Egypt’s Future After the 2011 Revolution by the Enlightened Tourist.

 

Introduction: Egypt doesn’t think about the future. For Egypt, its future is its PAST. Egypt goes to incredible lengths to preserve its past. The biggest event on TV last year was the moving of the mummies from the great Egyptian Museum to the new Museum of Egyptian Civilization.

 

Some Egyptians say the 2011 ‘Arab Spring’ Revolution in Tahrir Square didn’t achieve its goal of making this legendary ancient country a freer society. One man, who sells tours from his shop, commented about this during a 40-minute drive around Sharm el Sheikh, a tourist town on the southern tip of Egypt’s Sinai Peninsula. He is driving the Enlightened Tourist on an errand. As they head along the main street for several minutes, he points out that the road is under construction and being widened. “That is obvious, as you can see, but what you don’t know is that this is the second time around for this project. The government made a mistake the first time and forgot to put in a bicycle lane. So that was a big waste of time and money. Egyptian government does that. They have no plan so things like that happen.”

 

Compared to Cairo (insane), Sharm is like a paradise. It is a tourist and diving mecca.
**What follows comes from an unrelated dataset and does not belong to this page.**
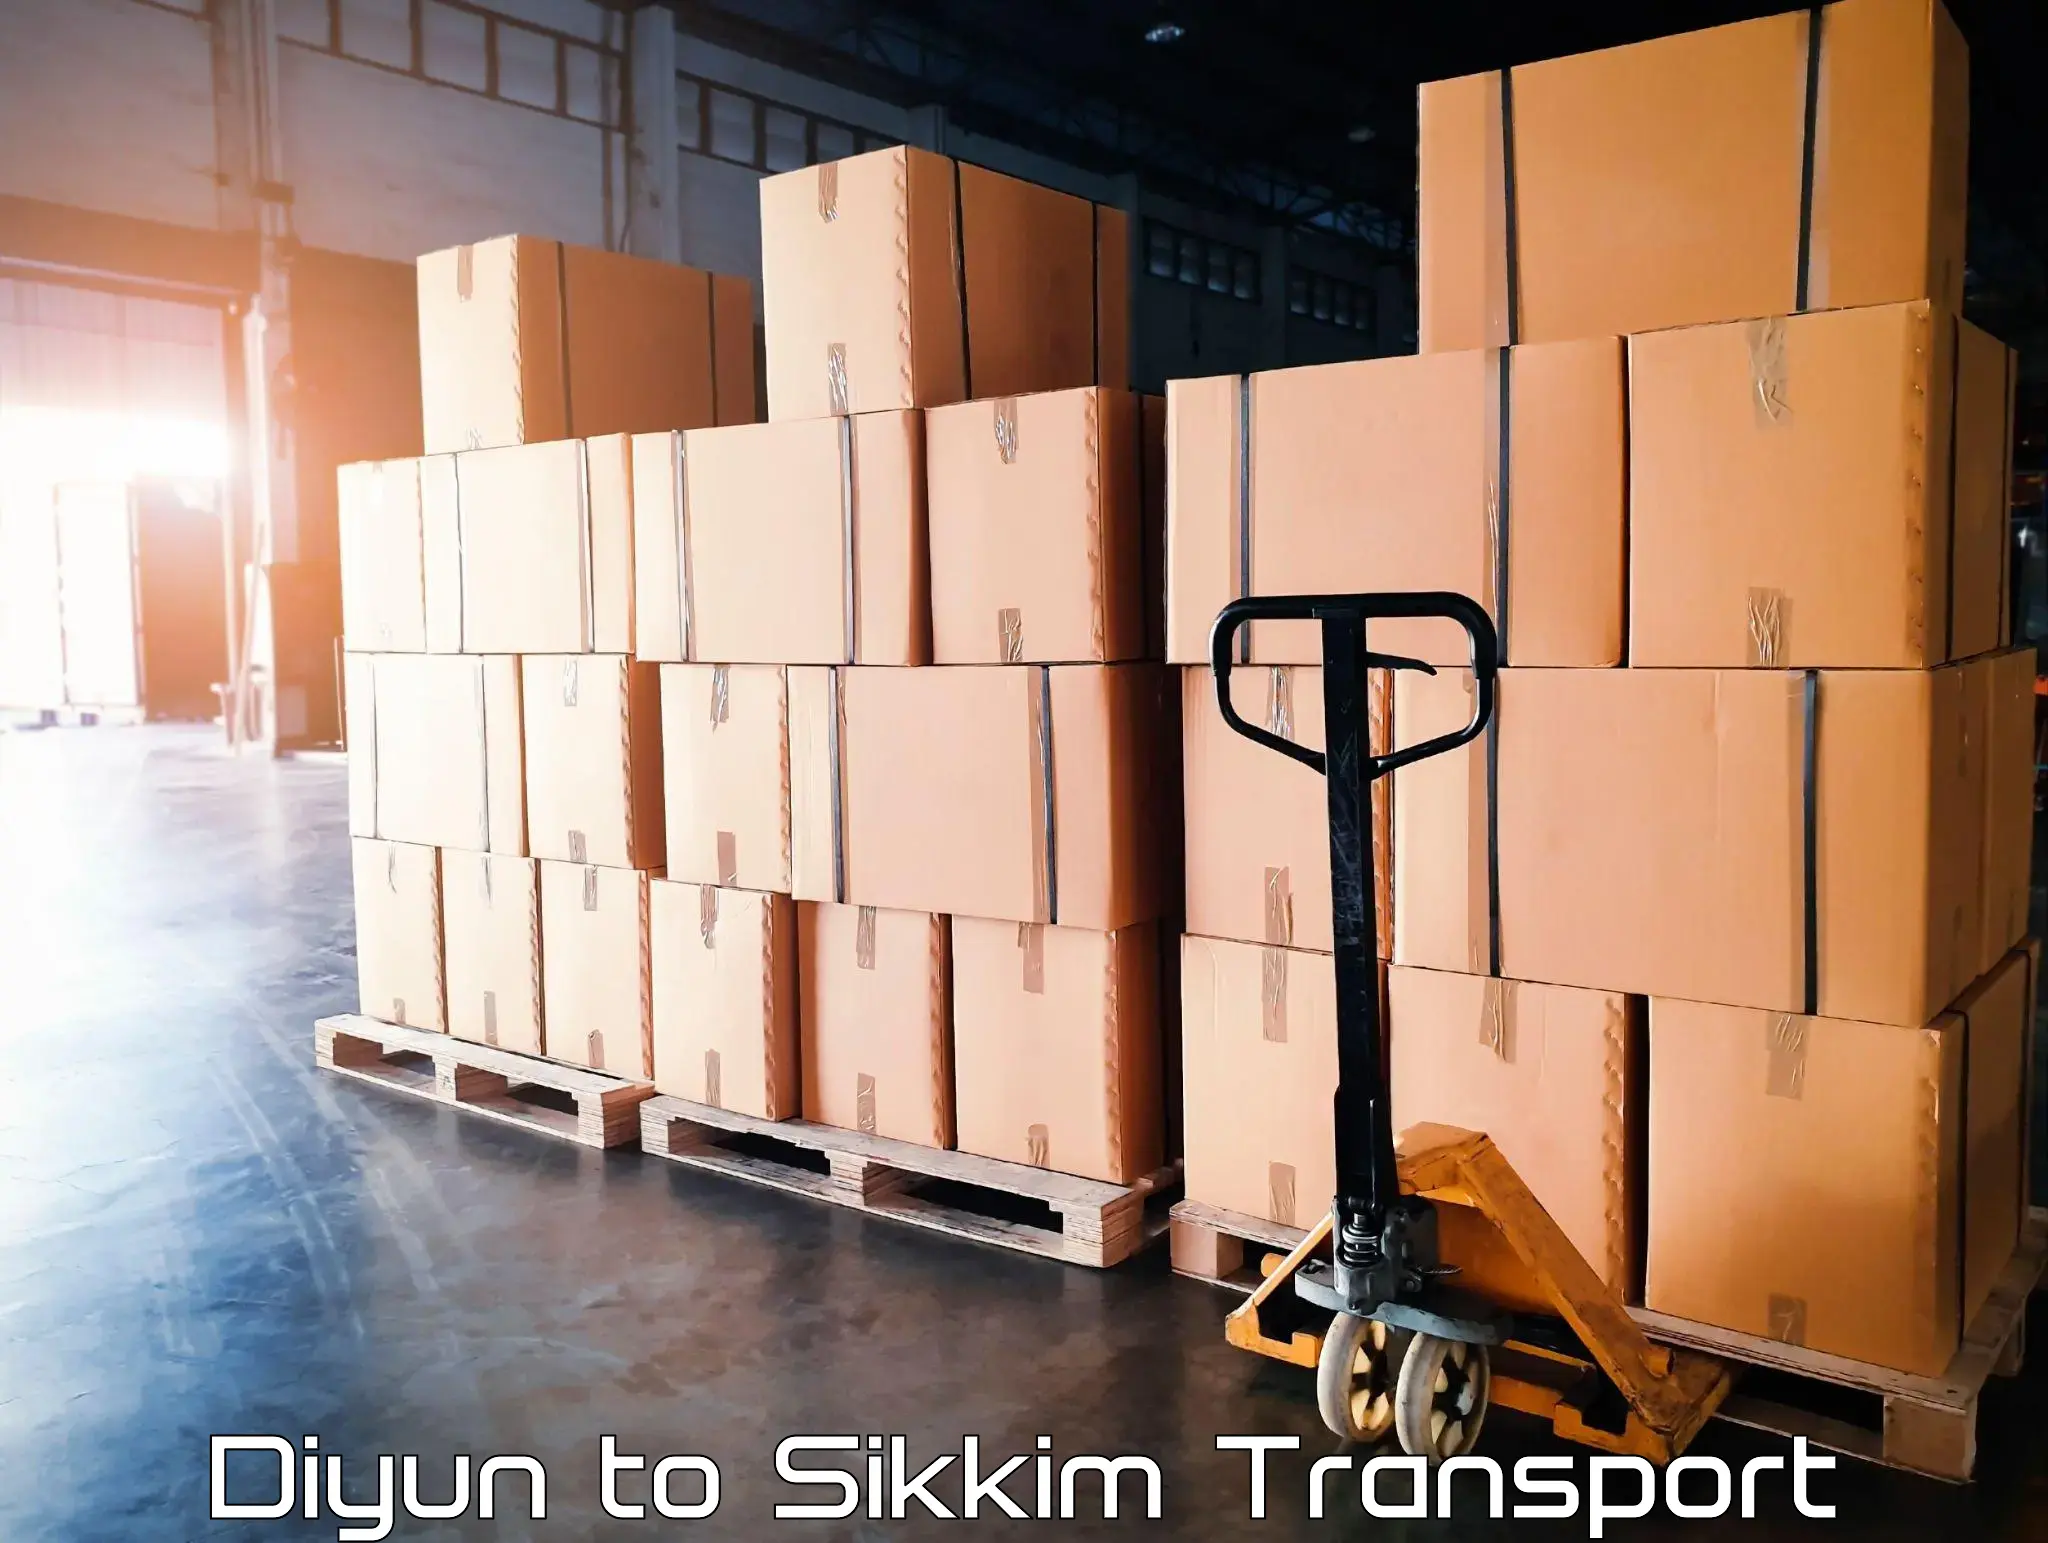 Daily transport service Diyun to Gangtok

The sprawled-out municipality’s population swells by the millions (truly) during the high season. “But ordinary Egyptians cannot visit here. If you are in Cairo and you wanted to go for a drive down here, you could not. You need a special permit to enter the region and you have to show the police why you’re here. If not, they can tell you to go out. They can even come to your home to check. No one can come here who doesn’t have a reason to be here.”

 

The Enlightened Tourist (ET) flashes back several days to his bus trip down here and now it all made sense: Check point after check point, and at two of them anyone with a bag down below had to disembark and open the luggage for inspection. It was all done routinely but left ET wondering why it was necessary. Now he knows.

 

His driver continues: “No problem for you. You are a tourist. Some Egyptians who lived here before, leave and go to Europe to live. They get a visa in their new country and then they can come back here and visit. It’s funny, isn’t it? They cannot visit their country until they become a foreigner.”

 

Gated community? This is a gated region. Back to the road under construction: “With government wasting money like that, there is no future for this country,” the driver says. “The future is education, and the government must put money into that.” He’s the second person who’s lambasted the education system. A week ago, the front desk man at ET’s economy hotel in Cairo heaped his scorn upon the school system. He explained that there are teachers who show up for work, sign a log and go home because there’s nothing to do. He knows this because his wife’s a teacher. “The pay for teachers is terrible. Only if you work in a special school – a private school – is it okay. Students in the normal schools learn very little. A bit of singing, some dancing, and that’s about it.” He laughed.

 

Back to the Sharm driver. “Egypt society is getting worse. There are two levels here. The high one is taking off into the sky, and the lower level is sinking. The answer is education. Then people learn how to think, plan, organize and improve things. The government does not want that.” He thinks the 2011 revolution failed.

 

And it’s unlikely that there will be a second chance any time soon. Cairo’s Tahrir Square was where the revolution’s main protest happened that we all saw on TV. It succeeded in deposing President Mubarak after 30 years in power, but that may have been its main event. Tahrir Square is very different these days. It has no visitors, only security, police, and army. Citizens and tourists are not permitted to even sit down in the area. Is that what the revolution would have wanted?

 

Back from his visit to Sharm El Sheikh, the Enlightened Tourist goes to ride the Metro subway in Cairo. He consults an outdated subway map from a tattered old guide book and at the ticket window tells the attendant, “Mubarak Station”. The attendant grumbles something as he issues the ticket. ET heads down to the platform and checks the big newer map on the way. He does a double take. There is no longer a Mubarak Station! The stop is still there but the name has been changed and ET realizes that the new name is what the ticket clerk was mumbling a moment ago! Mubarak’s name has been erased from history, like something out of Orwell’s 1984. (Cairo, May 3, 2022.)